Fun With Sky Mall
I was stuck in the airport all day Wednesday and by the time I boarded my thrice delayed plane, it was after 8 pm and I was starting to get sleepy. I didn't want to nap that late at night, so I devised a way to stay awake: Look at the ridiculous things in the Sky Mall catalog. These are my findings....
- Canine Genealogy Kit ($59.95) - DNA swab that recognizes 63 breeds
- The Only Portable Microwave Oven ($299.95) - Weighs 16 lb
- The Telekinetic Obstacle Course ($99.95) - use your mind to move objects! Or just use your mind and realize that this won't work and save yourself one hundred dollars.
- The Marshmallow Shooter ($24.95) - "shoots sweet edible minature marshmallows over 30' and - unlike other marshmallow blasters - it comes with an LED sight that projects a safe beam of red light to help locate a target for accuracy"; marshmallows not included
- The Million Germ Eliminating Travel Toothbrush Sanitizer ($29.95) - I doubt this actually does what it says it does, but I really like it's name.
- The Automatic Marshmallow Bazooka ($49.95) - In case the Marshmallow Shooter didn't have enough oomph for you, we have the marshmallow bazooka. You'll be comforted to know that this one also comes with an LED light
- The Voice Activated R2D2 ($189.95) - It's pretty ridiculous, but if you want a ridiculous Star Wars character in your house, this isn't an entirely bad price.
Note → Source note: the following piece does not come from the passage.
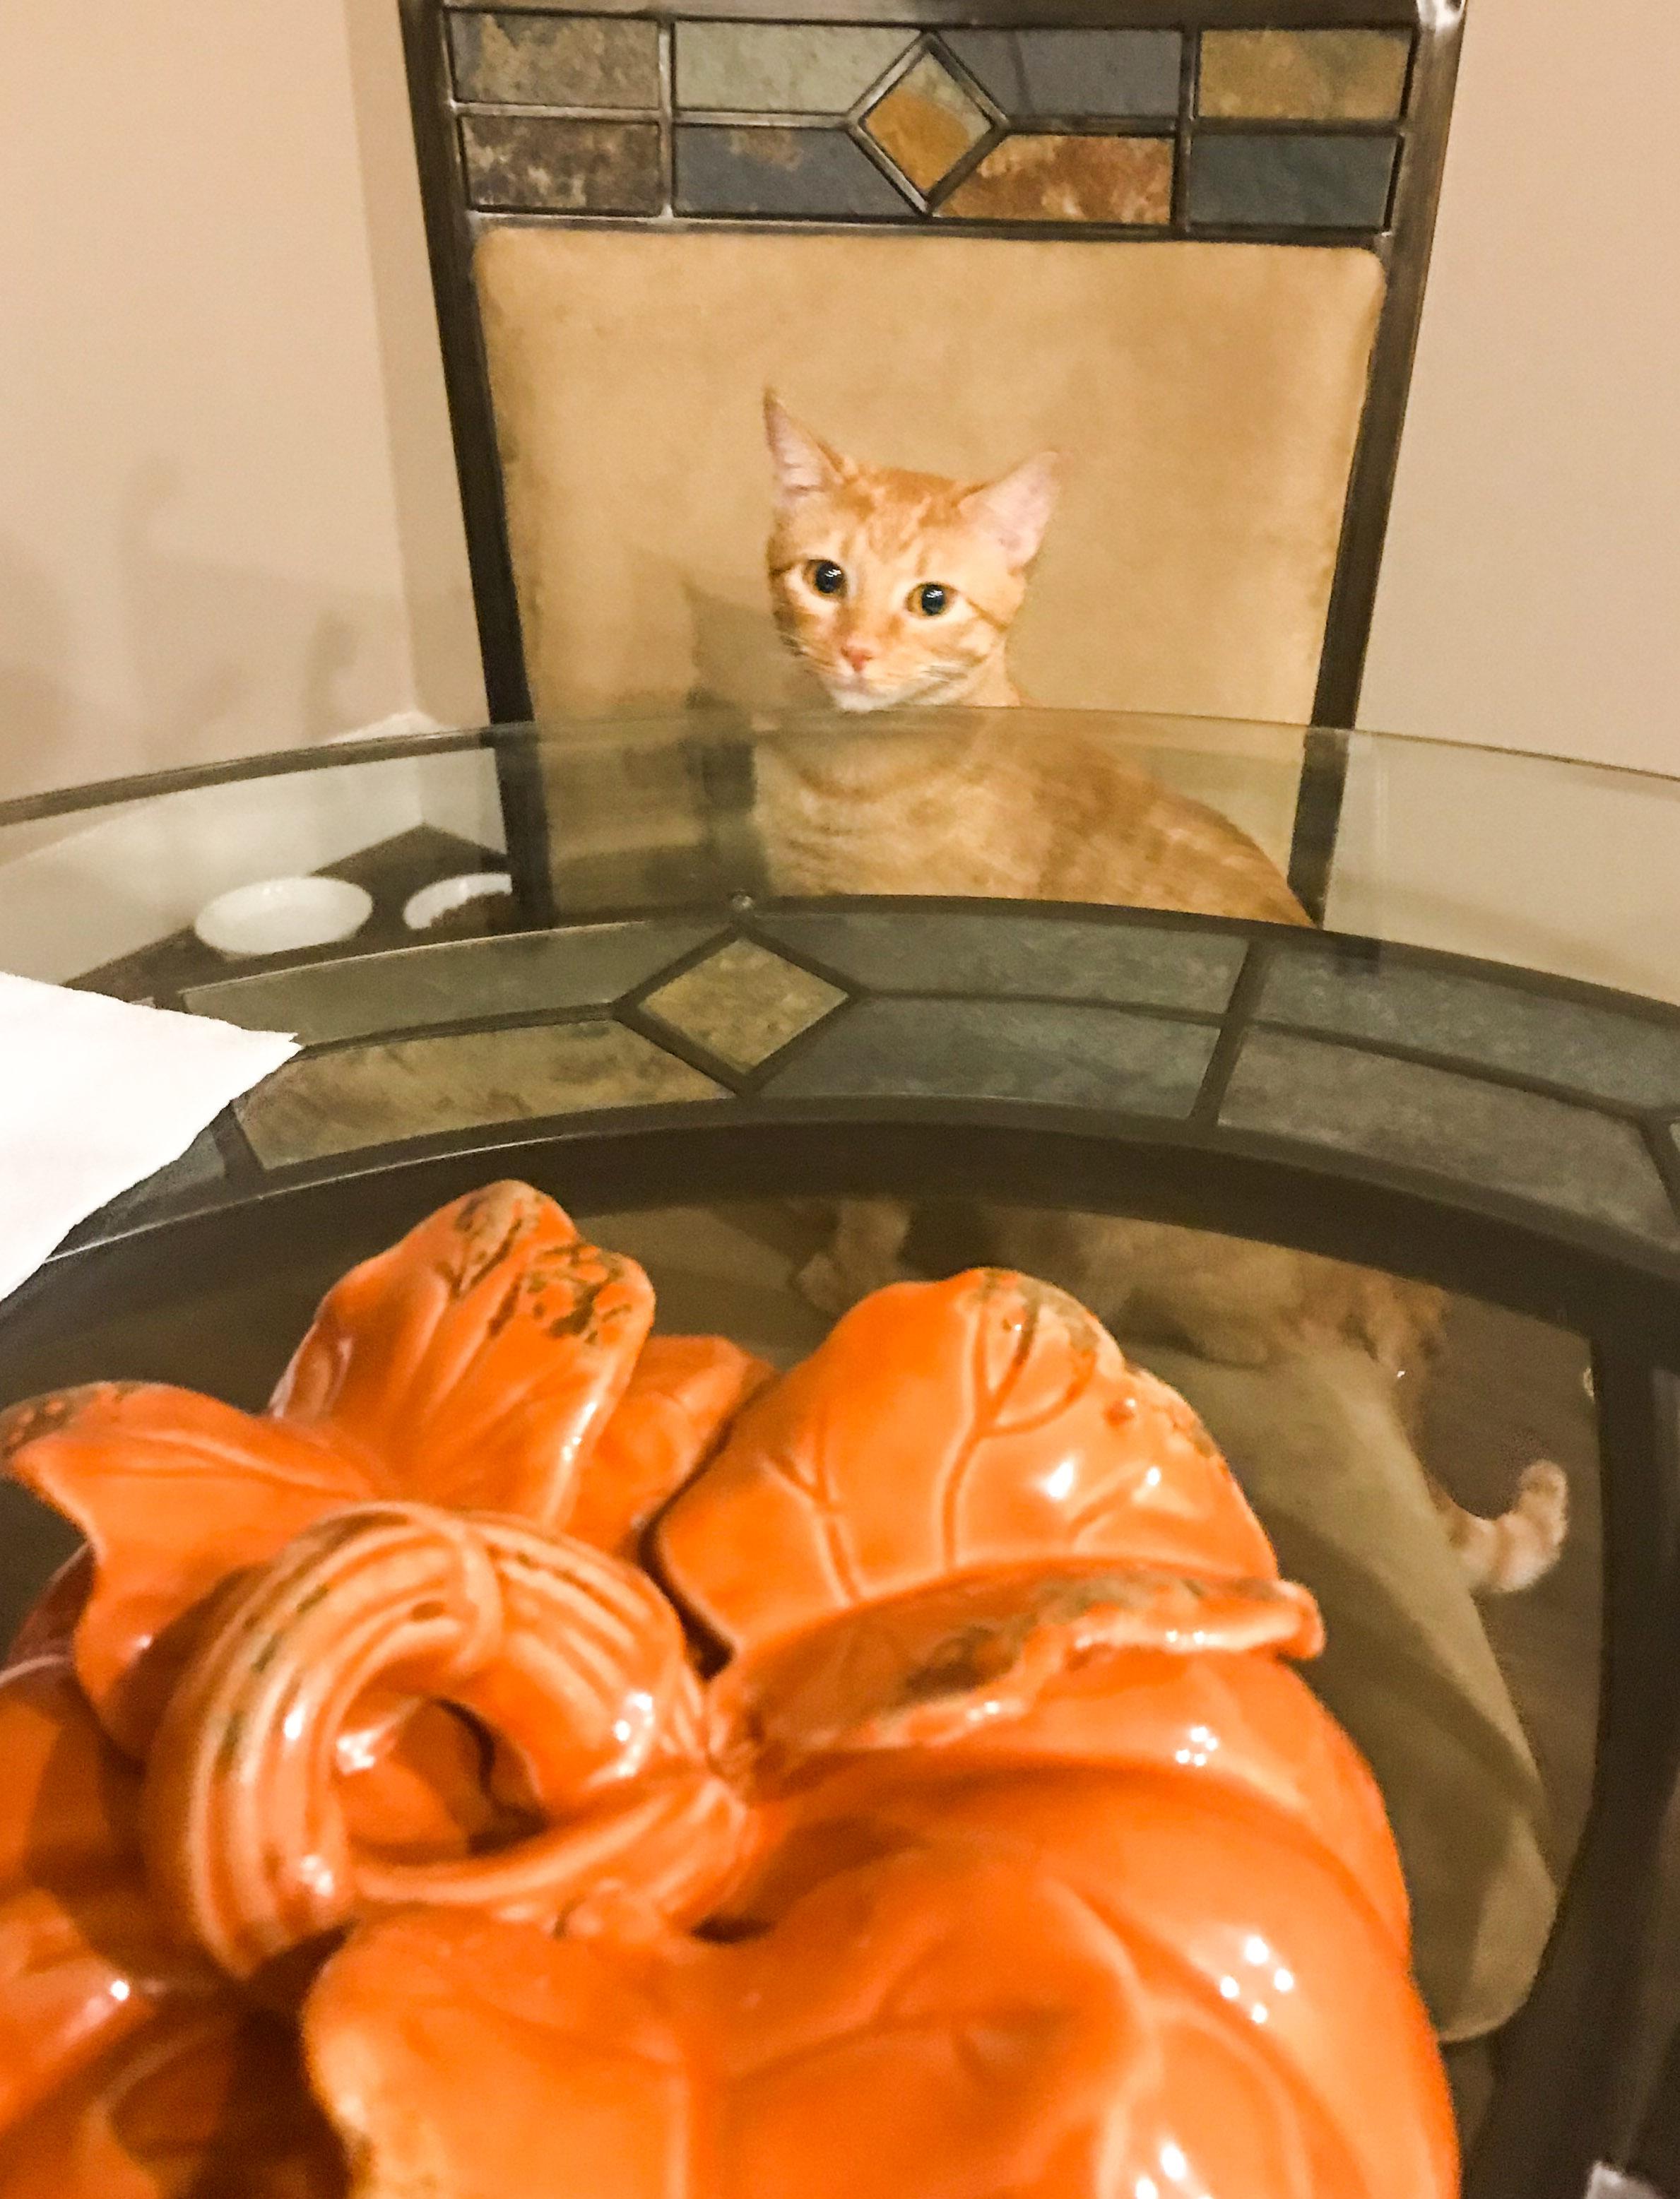 Marmalade at the table

- The Slanket ($37.99) - A snuggie rip-off that's more expensive and just as douchey
- The Cell Phone Watch ($269.99) - "is perfect for anyone who needs to have their hands-free". Also perfect for those who have never heard of blue tooth and want to wear a ginormous watch
- For about $39.99, you can insert your name in a picture of a MLB team, a movie poster, in the sand or on a Vegas marquee
- For around $19.99, you can insert your name in a radio broadcast of a previous world series or super bowl. Because that will make you cool.
- Forest Faces ($19.99) - Honor your favorite sports team by creeping the local children out!
- The Solafeet Foot Tanner ($299.99) - "rid yourself of those ugly sock tan lines forever!"; all you have to do is put your feet in this contraption, and you'll be "pale to tan in just 5 to 10 days"...Yes, 5 to 10 days, not minutes. Essentially enough time to go outside and get rid of those tan lines yourself. For free.
- Covertiques ($19.99) - adhere to your skin to cover up cleavage, includes 3 colors (black, beige and white)
- The Relaxing Magic, Water Saving 2 Minute and Pure Fun Magic Showerheads ($49.99-59.99) - These showerheads have LED lights allowing you to change your water's color, and "creates an experience that can feel as enjoyable and relaxing as being in a spa". I've never been in a spa, but I don't think they have colored lights. And actually, I think lights changing color would put me on edge. As would the fact that I spent fifty dollars on a shower light
- Yet another dog DNA test - This one costs $124.99, so I'm assuming it's better
- Truck Antlers ($24.99) - In case your truck didn't look white trashy enough, these will help ensure that everyone notices what a red neck you are
- Kneeling Santa Yard Display ($129.99) - "expresses the true focus of Christmas". Just because you have Jesus in it, it doesn't make it about the true focus of Christmas. Especially when Santa is the one kneeling over him. And lights up. For 130 dollars.
- A Taser ($349.95) - because "personal safety starts with taser"!
- Spirit of Nottingham Woods ($19.95) - This product wraps around your tree to further creep people the fuck out.
- Box of Applause or Box of Laughter ($24.95) - for people who have to have their ego reinforced so much that they need to buy a box that applauds or laughs every time they open it
- Shape Up Pads ($19.95 for 1 pair, $29.95 for 2 pairs) - butt pads! You can buy butt pads while you're on an airplane! Butt pads!
- And for those who just can't decide, there's a selection of Sky Mall gift cards!